Каменотёс с остервенением лупил молотком по расплющенному концу бронзового зубила, грязно ругаясь на своём индейском языке.
-Т-твою прародительницу! Что за жизнь-то такая?! И угораздило меня выучиться грамоте! А всё папаша, чтоб его десять крокодилов до конца времён жевали! «Учись, сынок! Станешь грамотным – все тебя будут уважать! Выбьешься в жрецы, будешь ходить в золоте, вкусно есть и дефлорировать прекрасных девственниц!» Ага, как же! Самого б его дефлорировать этим зубилом, в Кукулькана душу мать! Сиди вот теперь, как последний дурак и высекай этот долбанный календарь! Нет, ну все друзья – люди, как люди: грамоты не ведают, живут себе, пьют пульке из агавы, любят подруг… А тут – ну точно: горе от ума!
«Хрясь!»- зубило сломалось, и последний удар молотка пришёлся по пальцам, и без того порядком избитым.
-Ёханый бабуин!!! – возопил индеец, вскакивая и тряся окровавленной рукой. В ярости он швырнул молоток в каменную плиту,- Да идут они джунглями, эти ….. жрецы, эти…. камни, эта …. работа и… всё, хватит! К демонам такую жизнь! Пусть сами долбят свой календарь, а я пойду пить мескаль!
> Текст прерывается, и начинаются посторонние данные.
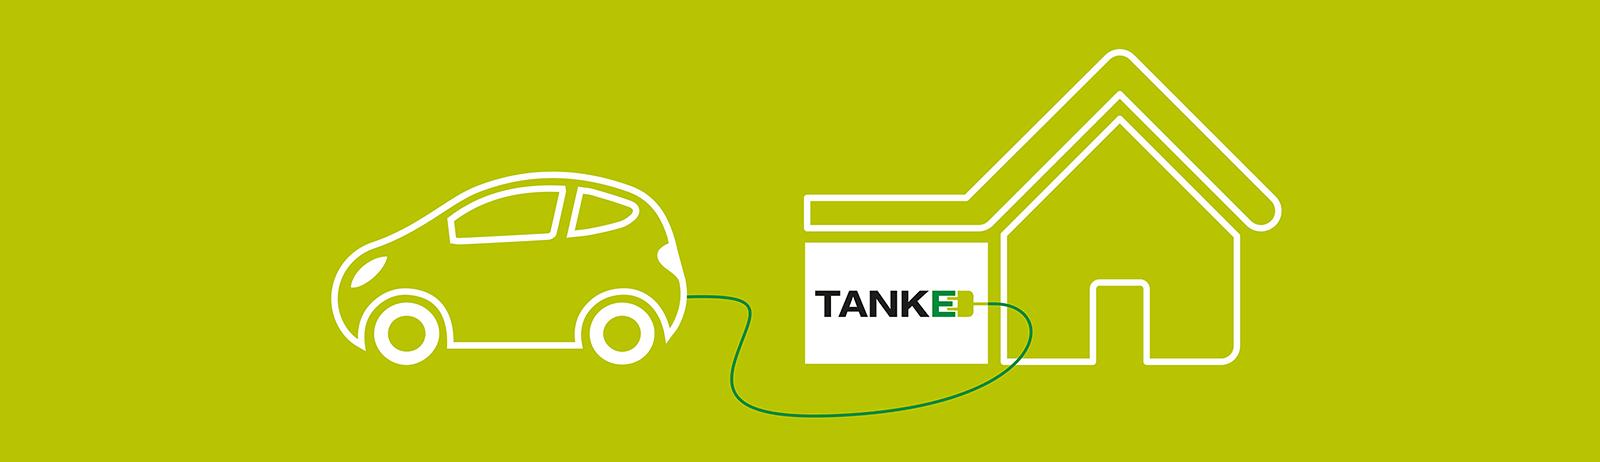 TankE zuhause -Wallboxpaket der Stadtwerke Solingen

Через полчаса жрец храма Кетцалькоатля явился, чтобы проверить, как идёт работа. С удивлением он обнаружил отсутствие каменотёса на рабочем месте, сломанное зубило и брошенный молоток.
-Непорядок! – пробормотал священник и отправился искать работника.
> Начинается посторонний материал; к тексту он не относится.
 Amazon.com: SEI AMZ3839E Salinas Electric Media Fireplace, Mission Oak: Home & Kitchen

К тому времени каменотёс успел уже принять средних размеров тыкву с мескалем и отдыхал в тени своей хижины, наполняя вечерний воздух алкогольными парами.
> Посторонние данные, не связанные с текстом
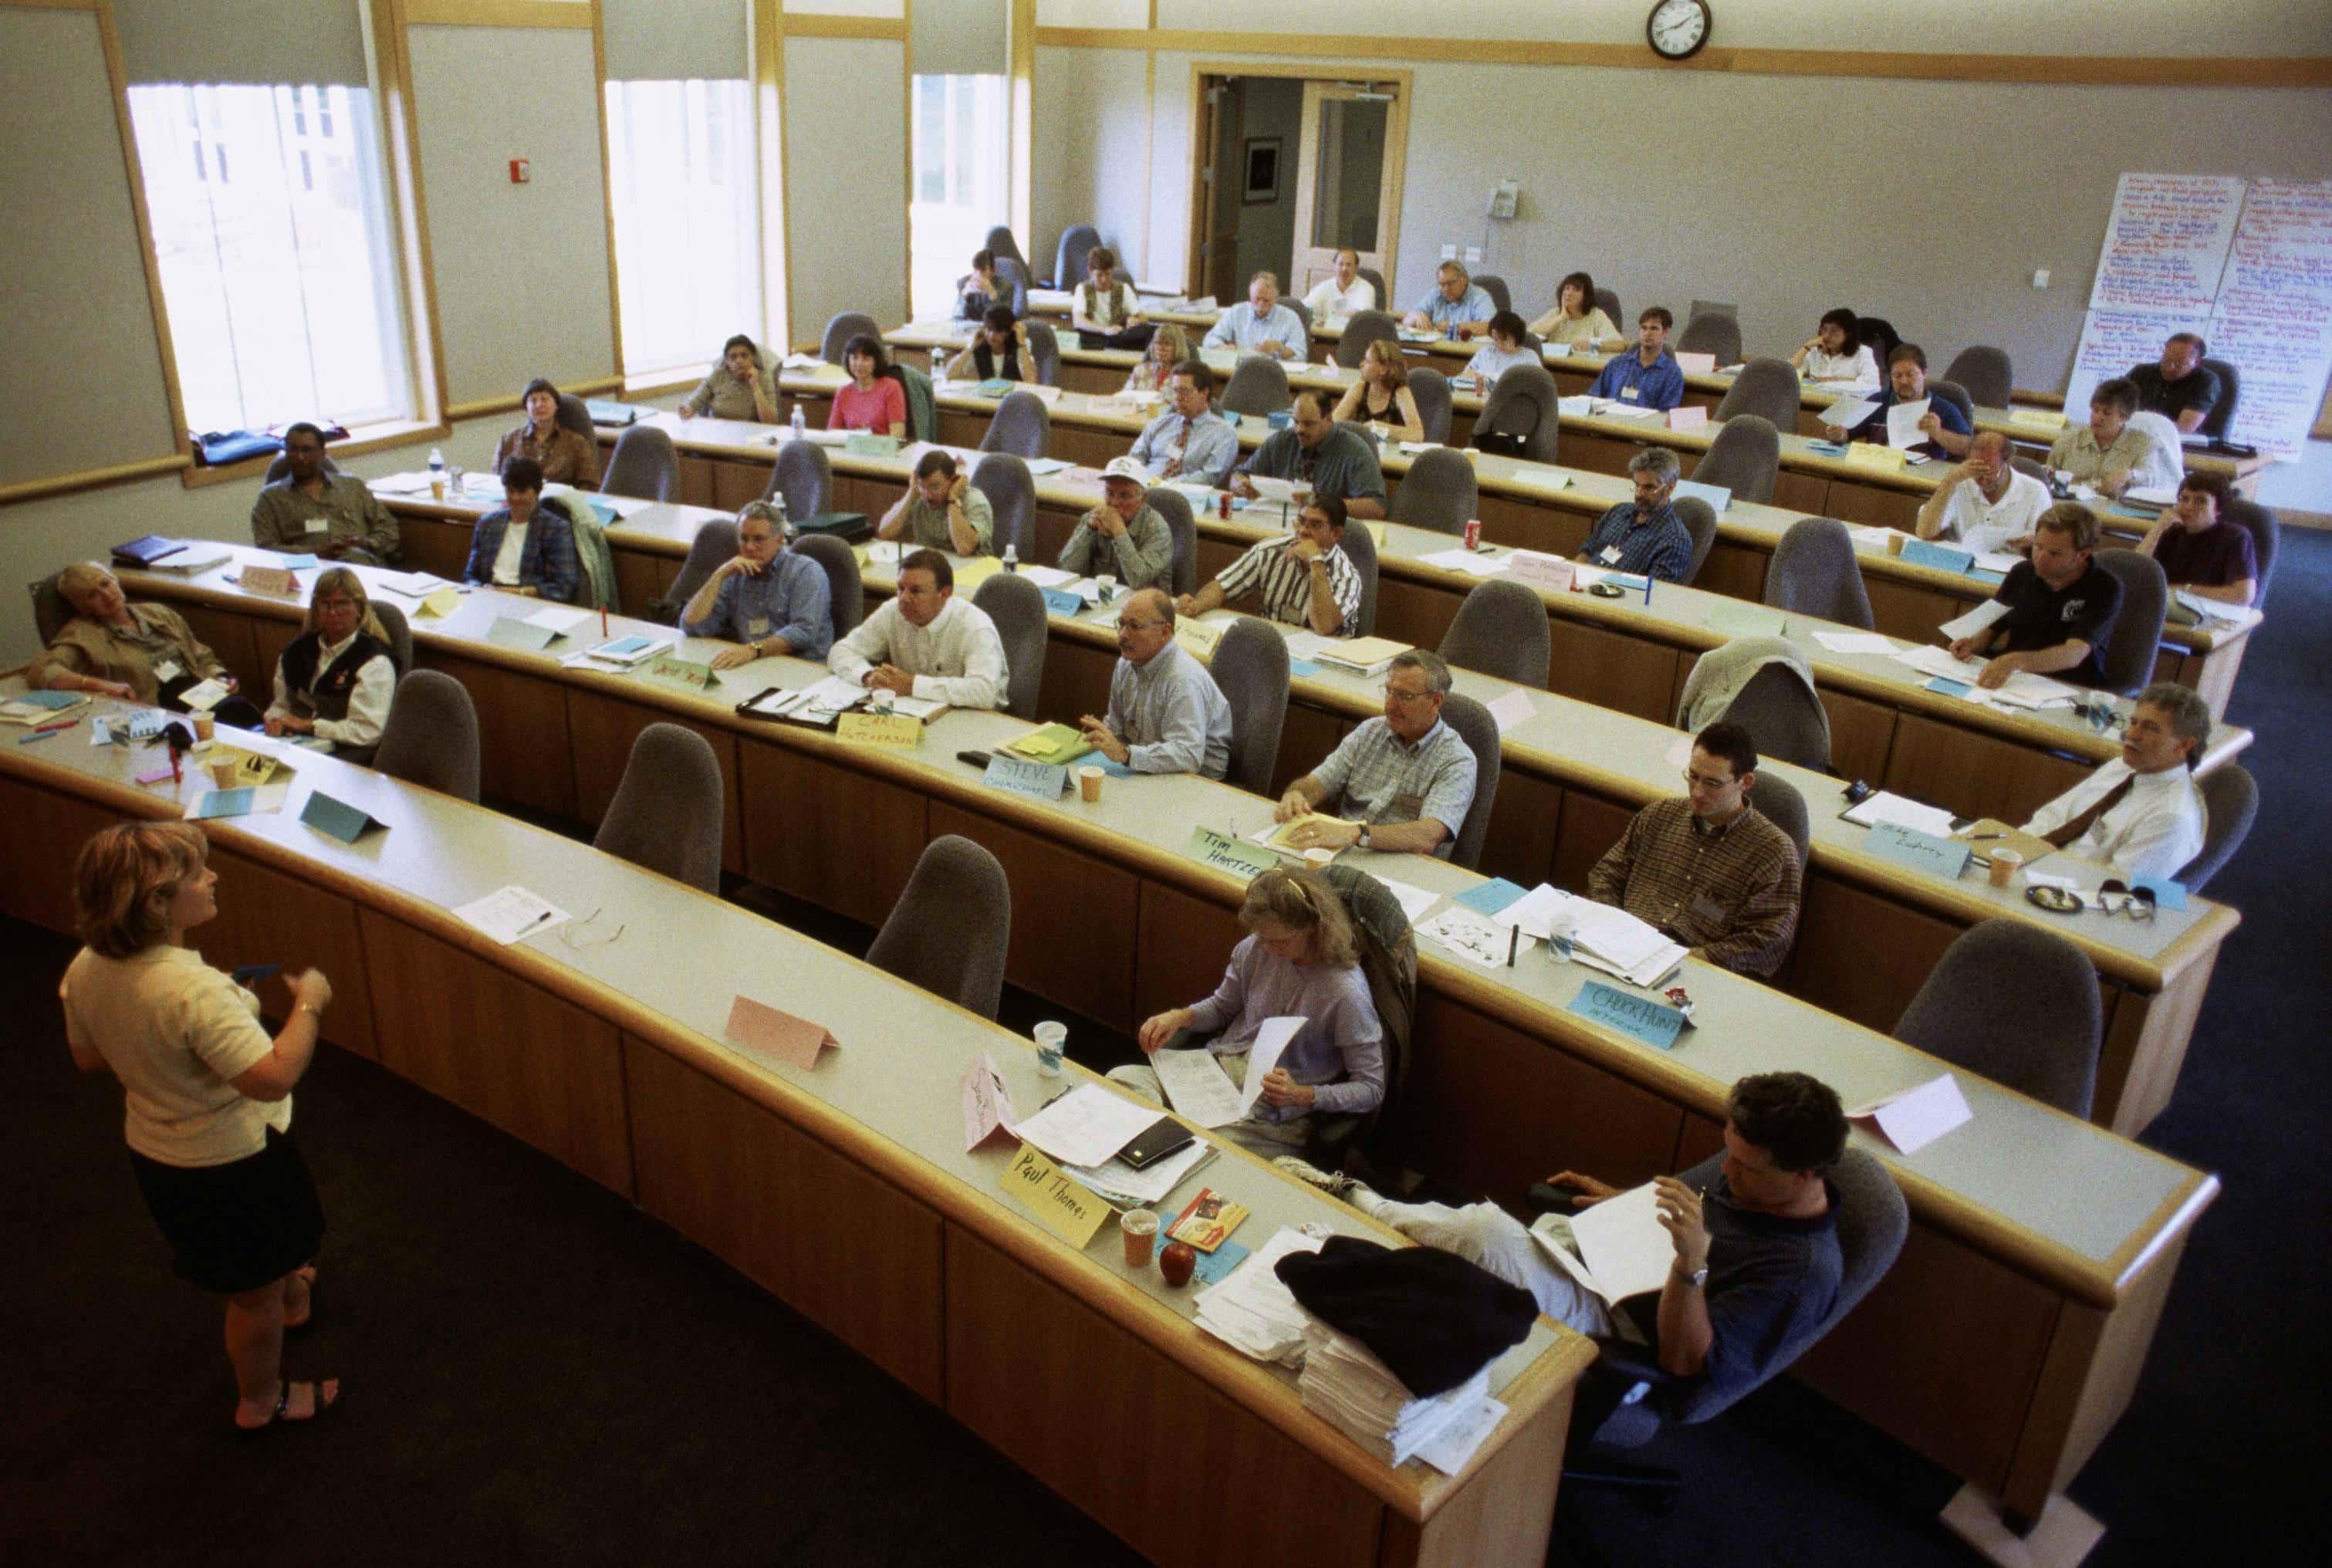 Instruction Methodology For Multi-Generational Classrooms

-Сын мой! – воззвал жрец,- Отчего ты лежишь праздно, не закончив работу, угодную богам?
-А-а, Святой Отец! – пьяно икнув, индеец помахал перевязанной рукой,- Такая вот хрень приключилась. Работать больше не могу – болею… Так что, теперь сами… сами…
-Накажи тебя Иштаб! – погрозил кулаком жрец вновь захрапевшему пьянчужке и побрёл обратно.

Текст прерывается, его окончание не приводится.